I'm a new member having just joined today. Early in my career (over 30 years ago) I did wood stove installations for The Stove Works, a company in Chapel Hill, NC. Enjoyed my Garrison II for over 30 years until I had to sell my house recently due to a divorce.  I am now living in a trailer ('97 vintage) and plan to install a wood stove. Please spare me the comments about the wisdom of putting a wood burner in a trailer, I know how to do it right. 

I've found a Scandia 310c on Craige's List for $150.00. Yes, I know they are cheap knock offs of better Scandinavian stoves but I found a lot of positive comments about them online. The 310c is a bit rusted on the outside but looks to be in pretty good shape. Nothing that a little elbow grease and stove paint wouldn't fix. I surmised that the "c" stood for catalytic and through internet research (much of it on this site) found out that I was correct.

When I was working for the Stove Works in the early '80's I don't think they were putting them in stoves yet. I think it was after 1988 that they started installing them in stoves(?) The point being I have no experience using wood stoves with catalytic converters. How long do they last, or should I say, how often do they need to be replaced? Does anyone know where I might obtain an owners manual for the 310c? I know about Scandia in Australia and plan to contact them, but I think they just bought the name and had nothing to do with this stove.

Also, does anyone know if it had firebricks lining the insides? I had the owner email me pics of the inside and there appear to just be firebricks on the bottom. I didn't see any retaining clips for bricks along the sides similar to what my old Garrison had. Also, the honeycomb of the catalytic converter appears to be intact and fairly clean. Any replies to this post will be greatly appreciated. It will be a 3 hour drive to SC for me to pick it up and I don't want to make the trip only to find I will have to put a lot more money into it to make it functional. Thanks in advance for any and all replies.


----------



## begreen (Aug 21, 2012)

I would guess given its age and legacy that there is going to be a fair amount of work (rebuild) to bring the stove up to decent condition.
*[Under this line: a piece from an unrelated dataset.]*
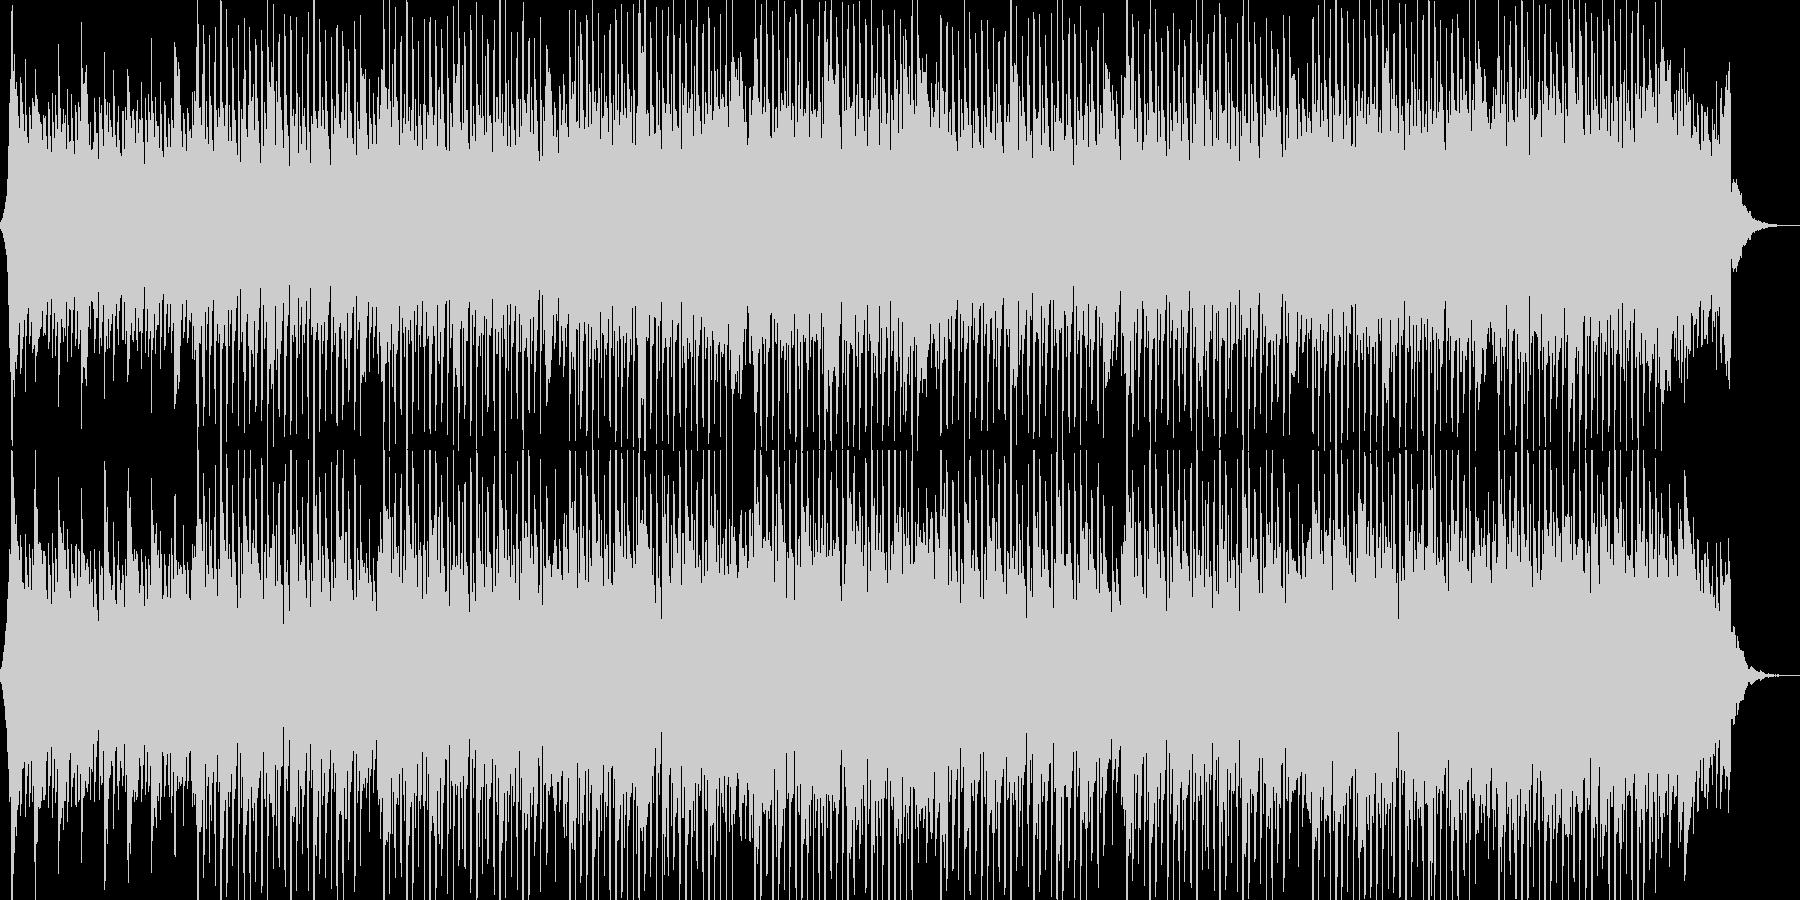 企業VP系44、爽やかギター4つ打ちaの未再生の波形

This is presuming that there are no structural defects.


----------



## The Artful Dodger (Aug 21, 2012)

begreen said:


> I would assume given its age and legacy that there is going to be a fair amount of work (rebuild) to bring the stove up to decent condition. This is presuming that there are no structural defects.


----------



## The Artful Dodger (Aug 21, 2012)

The pics he sent don't show any noticeable cracks. The honeycomb on the cc looked to be in good shape. Probably won't know anything for sure until I make that 3 hour trip! What I'm really wondering about is if it's missing firebrick around the inside.


----------



## The Artful Dodger (Aug 21, 2012)

The Artful Dodger said:


> The pics he sent don't show any noticeable cracks. The honeycomb on the cc looked to be in good shape. Probably won't know anything for sure until I make that 3 hour trip! What I'm really wondering about is if it's missing firebrick around the inside.


One other thing I failed to mention . . . On the side of the stove in embossed lettering is "Erik 310c". It's almost 1am here on the East Coast and I need to get to bed. Will check for any additional replies tomorrow. Thanks!


----------